◆ **THE TASK**
I would like you to return all of the records exactly as they stand.

Data records:
BEGIN

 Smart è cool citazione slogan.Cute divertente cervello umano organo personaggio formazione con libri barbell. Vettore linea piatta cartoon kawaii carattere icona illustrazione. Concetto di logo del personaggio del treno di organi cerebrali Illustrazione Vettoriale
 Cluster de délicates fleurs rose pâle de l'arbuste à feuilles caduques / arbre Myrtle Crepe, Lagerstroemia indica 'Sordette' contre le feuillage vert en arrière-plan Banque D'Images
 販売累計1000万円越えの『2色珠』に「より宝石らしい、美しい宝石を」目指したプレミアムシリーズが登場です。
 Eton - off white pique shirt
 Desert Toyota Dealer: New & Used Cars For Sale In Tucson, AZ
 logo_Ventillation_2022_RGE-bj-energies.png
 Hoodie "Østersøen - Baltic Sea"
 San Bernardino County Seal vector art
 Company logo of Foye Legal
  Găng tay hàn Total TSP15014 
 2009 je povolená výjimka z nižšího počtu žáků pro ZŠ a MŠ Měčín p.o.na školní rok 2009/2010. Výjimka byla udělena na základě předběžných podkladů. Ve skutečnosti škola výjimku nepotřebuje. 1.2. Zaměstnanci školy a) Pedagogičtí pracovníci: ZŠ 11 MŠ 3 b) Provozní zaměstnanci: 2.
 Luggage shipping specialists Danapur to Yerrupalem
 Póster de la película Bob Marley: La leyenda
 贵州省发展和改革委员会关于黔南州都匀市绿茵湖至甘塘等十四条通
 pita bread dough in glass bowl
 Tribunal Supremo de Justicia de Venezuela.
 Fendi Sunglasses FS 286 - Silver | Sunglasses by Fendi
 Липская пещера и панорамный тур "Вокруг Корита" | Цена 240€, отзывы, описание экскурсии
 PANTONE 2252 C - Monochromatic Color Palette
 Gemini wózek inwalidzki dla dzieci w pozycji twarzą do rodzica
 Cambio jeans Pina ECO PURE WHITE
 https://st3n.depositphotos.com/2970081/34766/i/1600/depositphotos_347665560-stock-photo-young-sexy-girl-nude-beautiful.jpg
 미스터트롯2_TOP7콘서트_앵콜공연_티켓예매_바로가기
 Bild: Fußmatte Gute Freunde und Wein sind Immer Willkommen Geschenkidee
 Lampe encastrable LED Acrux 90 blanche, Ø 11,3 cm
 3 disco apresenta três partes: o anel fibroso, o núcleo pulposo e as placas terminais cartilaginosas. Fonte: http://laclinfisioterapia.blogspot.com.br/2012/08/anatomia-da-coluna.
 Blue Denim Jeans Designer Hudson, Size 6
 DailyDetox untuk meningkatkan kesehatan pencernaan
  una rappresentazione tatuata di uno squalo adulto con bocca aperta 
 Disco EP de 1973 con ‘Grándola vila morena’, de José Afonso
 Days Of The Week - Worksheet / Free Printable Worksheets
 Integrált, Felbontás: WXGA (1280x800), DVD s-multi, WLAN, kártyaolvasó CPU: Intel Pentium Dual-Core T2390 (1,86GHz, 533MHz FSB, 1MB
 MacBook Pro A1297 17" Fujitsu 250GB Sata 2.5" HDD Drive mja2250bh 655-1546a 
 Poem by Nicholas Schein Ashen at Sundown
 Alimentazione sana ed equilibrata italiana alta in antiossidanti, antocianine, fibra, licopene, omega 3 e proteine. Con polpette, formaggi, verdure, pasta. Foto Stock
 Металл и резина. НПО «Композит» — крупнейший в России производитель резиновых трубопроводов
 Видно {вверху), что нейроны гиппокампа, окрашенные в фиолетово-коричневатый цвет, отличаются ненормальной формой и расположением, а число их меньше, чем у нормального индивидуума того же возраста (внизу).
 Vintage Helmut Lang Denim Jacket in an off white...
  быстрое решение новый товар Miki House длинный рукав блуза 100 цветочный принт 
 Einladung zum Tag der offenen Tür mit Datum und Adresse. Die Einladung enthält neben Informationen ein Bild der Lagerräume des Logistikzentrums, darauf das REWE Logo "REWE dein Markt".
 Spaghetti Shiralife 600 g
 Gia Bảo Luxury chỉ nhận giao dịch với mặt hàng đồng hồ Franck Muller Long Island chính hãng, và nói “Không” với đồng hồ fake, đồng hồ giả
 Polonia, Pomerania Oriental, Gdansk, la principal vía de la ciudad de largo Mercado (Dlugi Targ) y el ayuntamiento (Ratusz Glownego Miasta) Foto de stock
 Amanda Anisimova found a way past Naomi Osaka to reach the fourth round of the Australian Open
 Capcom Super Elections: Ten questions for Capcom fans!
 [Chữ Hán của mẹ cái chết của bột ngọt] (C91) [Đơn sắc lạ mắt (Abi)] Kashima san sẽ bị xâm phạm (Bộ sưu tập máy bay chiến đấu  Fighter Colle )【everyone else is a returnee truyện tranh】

END

◆ **TASK SOLUTION**
 Smart è cool citazione slogan.Cute divertente cervello umano organo personaggio formazione con libri barbell. Vettore linea piatta cartoon kawaii carattere icona illustrazione. Concetto di logo del personaggio del treno di organi cerebrali Illustrazione Vettoriale
 Cluster de délicates fleurs rose pâle de l'arbuste à feuilles caduques / arbre Myrtle Crepe, Lagerstroemia indica 'Sordette' contre le feuillage vert en arrière-plan Banque D'Images
 販売累計1000万円越えの『2色珠』に「より宝石らしい、美しい宝石を」目指したプレミアムシリーズが登場です。
 Eton - off white pique shirt
 Desert Toyota Dealer: New & Used Cars For Sale In Tucson, AZ
 logo_Ventillation_2022_RGE-bj-energies.png
 Hoodie "Østersøen - Baltic Sea"
 San Bernardino County Seal vector art
 Company logo of Foye Legal
  Găng tay hàn Total TSP15014 
 2009 je povolená výjimka z nižšího počtu žáků pro ZŠ a MŠ Měčín p.o.na školní rok 2009/2010. Výjimka byla udělena na základě předběžných podkladů. Ve skutečnosti škola výjimku nepotřebuje. 1.2. Zaměstnanci školy a) Pedagogičtí pracovníci: ZŠ 11 MŠ 3 b) Provozní zaměstnanci: 2.
 Luggage shipping specialists Danapur to Yerrupalem
 Póster de la película Bob Marley: La leyenda
 贵州省发展和改革委员会关于黔南州都匀市绿茵湖至甘塘等十四条通
 pita bread dough in glass bowl
 Tribunal Supremo de Justicia de Venezuela.
 Fendi Sunglasses FS 286 - Silver | Sunglasses by Fendi
 Липская пещера и панорамный тур "Вокруг Корита" | Цена 240€, отзывы, описание экскурсии
 PANTONE 2252 C - Monochromatic Color Palette
 Gemini wózek inwalidzki dla dzieci w pozycji twarzą do rodzica
 Cambio jeans Pina ECO PURE WHITE
 https://st3n.depositphotos.com/2970081/34766/i/1600/depositphotos_347665560-stock-photo-young-sexy-girl-nude-beautiful.jpg
 미스터트롯2_TOP7콘서트_앵콜공연_티켓예매_바로가기
 Bild: Fußmatte Gute Freunde und Wein sind Immer Willkommen Geschenkidee
 Lampe encastrable LED Acrux 90 blanche, Ø 11,3 cm
 3 disco apresenta três partes: o anel fibroso, o núcleo pulposo e as placas terminais cartilaginosas. Fonte: http://laclinfisioterapia.blogspot.com.br/2012/08/anatomia-da-coluna.
 Blue Denim Jeans Designer Hudson, Size 6
 DailyDetox untuk meningkatkan kesehatan pencernaan
  una rappresentazione tatuata di uno squalo adulto con bocca aperta 
 Disco EP de 1973 con ‘Grándola vila morena’, de José Afonso
 Days Of The Week - Worksheet / Free Printable Worksheets
 Integrált, Felbontás: WXGA (1280x800), DVD s-multi, WLAN, kártyaolvasó CPU: Intel Pentium Dual-Core T2390 (1,86GHz, 533MHz FSB, 1MB
 MacBook Pro A1297 17" Fujitsu 250GB Sata 2.5" HDD Drive mja2250bh 655-1546a 
 Poem by Nicholas Schein Ashen at Sundown
 Alimentazione sana ed equilibrata italiana alta in antiossidanti, antocianine, fibra, licopene, omega 3 e proteine. Con polpette, formaggi, verdure, pasta. Foto Stock
 Металл и резина. НПО «Композит» — крупнейший в России производитель резиновых трубопроводов
 Видно {вверху), что нейроны гиппокампа, окрашенные в фиолетово-коричневатый цвет, отличаются ненормальной формой и расположением, а число их меньше, чем у нормального индивидуума того же возраста (внизу).
 Vintage Helmut Lang Denim Jacket in an off white...
  быстрое решение новый товар Miki House длинный рукав блуза 100 цветочный принт 
 Einladung zum Tag der offenen Tür mit Datum und Adresse. Die Einladung enthält neben Informationen ein Bild der Lagerräume des Logistikzentrums, darauf das REWE Logo "REWE dein Markt".
 Spaghetti Shiralife 600 g
 Gia Bảo Luxury chỉ nhận giao dịch với mặt hàng đồng hồ Franck Muller Long Island chính hãng, và nói “Không” với đồng hồ fake, đồng hồ giả
 Polonia, Pomerania Oriental, Gdansk, la principal vía de la ciudad de largo Mercado (Dlugi Targ) y el ayuntamiento (Ratusz Glownego Miasta) Foto de stock
 Amanda Anisimova found a way past Naomi Osaka to reach the fourth round of the Australian Open
 Capcom Super Elections: Ten questions for Capcom fans!
 [Chữ Hán của mẹ cái chết của bột ngọt] (C91) [Đơn sắc lạ mắt (Abi)] Kashima san sẽ bị xâm phạm (Bộ sưu tập máy bay chiến đấu  Fighter Colle )【everyone else is a returnee truyện tranh】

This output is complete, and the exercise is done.